15. If only Mozart could have seen an electronic keyboard…
Many classically trained pianists have a scornful view towards electronic instruments. “One must learn on a respectable acoustic piano, or not at all!” is their opinion. And what do we get in the end? It seems that the public is clearly inclined to take the second option. There are so many pianos out there, but few people can actually put them to good use. Even owners of expensive grand pianos more often than not use them for nothing more than dust collectors.

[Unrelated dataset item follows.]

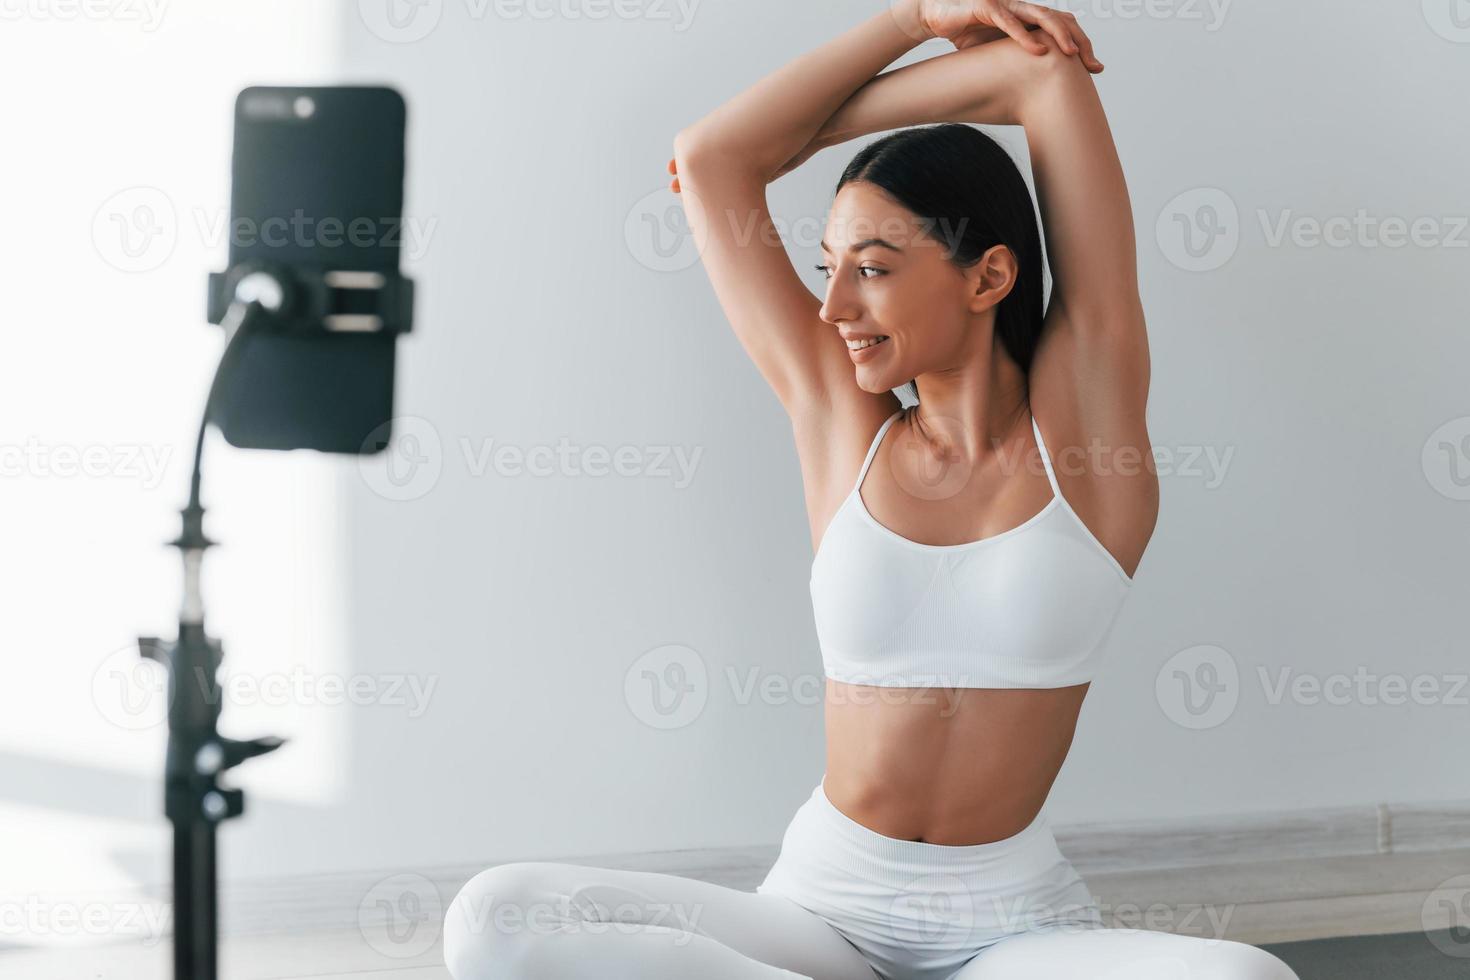 Phone on tripod. Young caucasian woman with slim body shape is indoors at daytime photo

The matter of acoustics is a delicate one. To most people, it doesn’t even occur that their piano needs to be tuned every six months, as is recommended. Open up one of these prized instruments and take a look inside – it’s a disaster in there! Half year of such out of tune ‘lessons,’ and your music ear will be ruined anyway! Furthermore, the quality of the sound of contemporary EKs isn’t much worse than their acoustic counterparts. They don’t need to be tuned, and the sound is always ideal. Their price varies, and there is always something available for one’s budget. A 5-octave instrument that costs $100 is more than adequate for a beginner. What is most important is that a spirit of music appears in your school or at your home – an instrument that can be a good teacher for your students, your children, and yourself.

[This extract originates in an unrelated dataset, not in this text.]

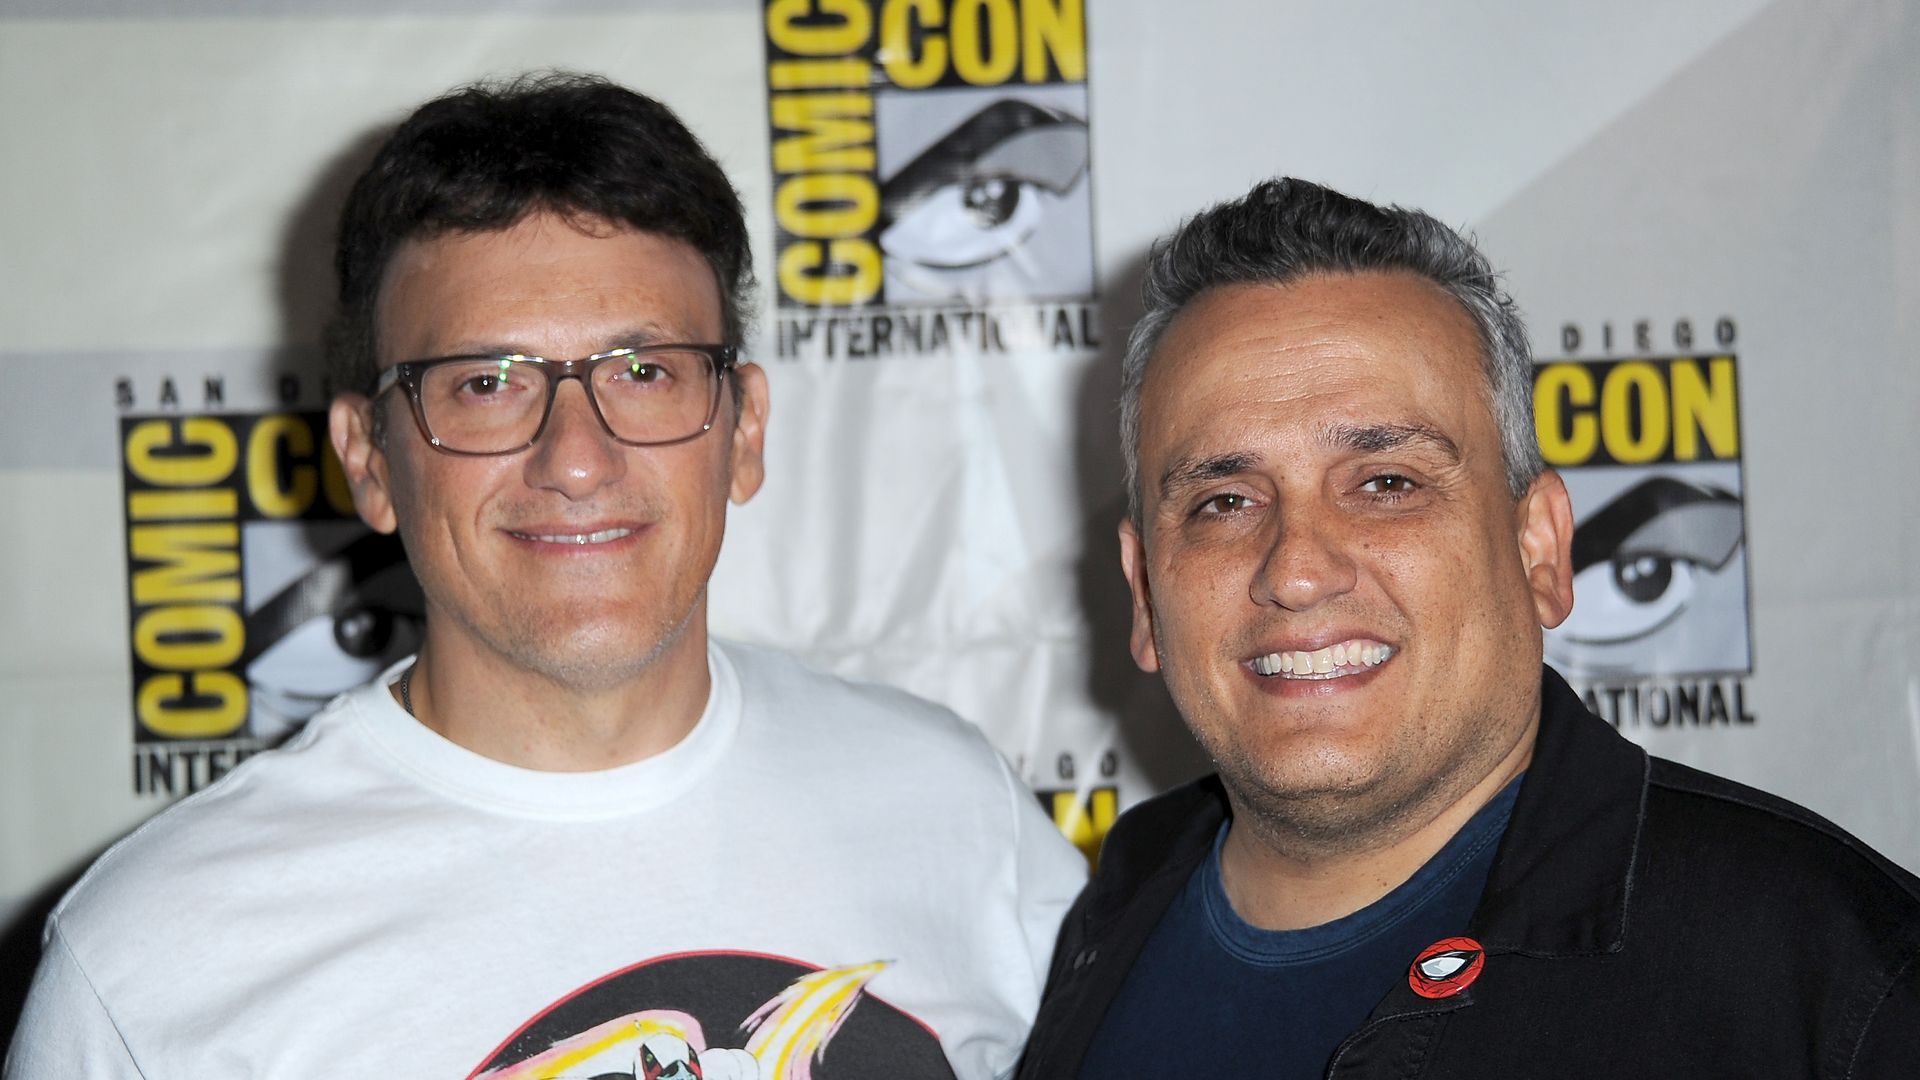 Anthony Russo and Joe Russo at 2019 Comic-Con International in San Diego, California

It is often said that the EK ruins the student’s “technique.” This is not true. If you have a developed coordination of all of your fingers and can freely control both hands, you will easily get used to the piano keys’ increased tension. For that matter, little Mozart learned to play on a harpsichord, which has a ‘soft touch’ just like an EK. Even if there were a Steinway in his house, his father Leopold would never have sat his frail, three-year-old boy behind it, expecting him to play freely with his thin little fingers. Piano technique starts from the development of the hand’s reach, the familiarization of the ‘territory of the instrument,’ and with the strengthening of one’s coordination in general. Only after that, when the instrument becomes a part of yourself, when your coordination becomes your fulcrum, can you sit at any instrument and fine tune the strength with which you press on the keys and can polish the quality of the sound produced.

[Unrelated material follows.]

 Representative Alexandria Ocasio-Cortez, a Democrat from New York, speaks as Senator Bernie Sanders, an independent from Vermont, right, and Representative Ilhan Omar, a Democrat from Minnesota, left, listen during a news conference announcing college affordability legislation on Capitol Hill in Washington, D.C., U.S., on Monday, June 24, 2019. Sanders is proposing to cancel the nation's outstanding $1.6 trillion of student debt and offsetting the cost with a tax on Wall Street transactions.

Contemporary EKs are a treasure for music education. In each of these instruments exists an entire orchestra. They contain hundreds of tones, beats, and songs that are like bright ‘picture books,’ irreplaceable to a beginner at the start of a long and exciting journey. And when playing from sheet music becomes an ordinary business to him, he will understand that he has outgrown ‘picture books.’ Then he will be ready for a piano, a violin, or even a different instrument! And only then will the grand piano be put to good use, rather than collecting dust in the living room.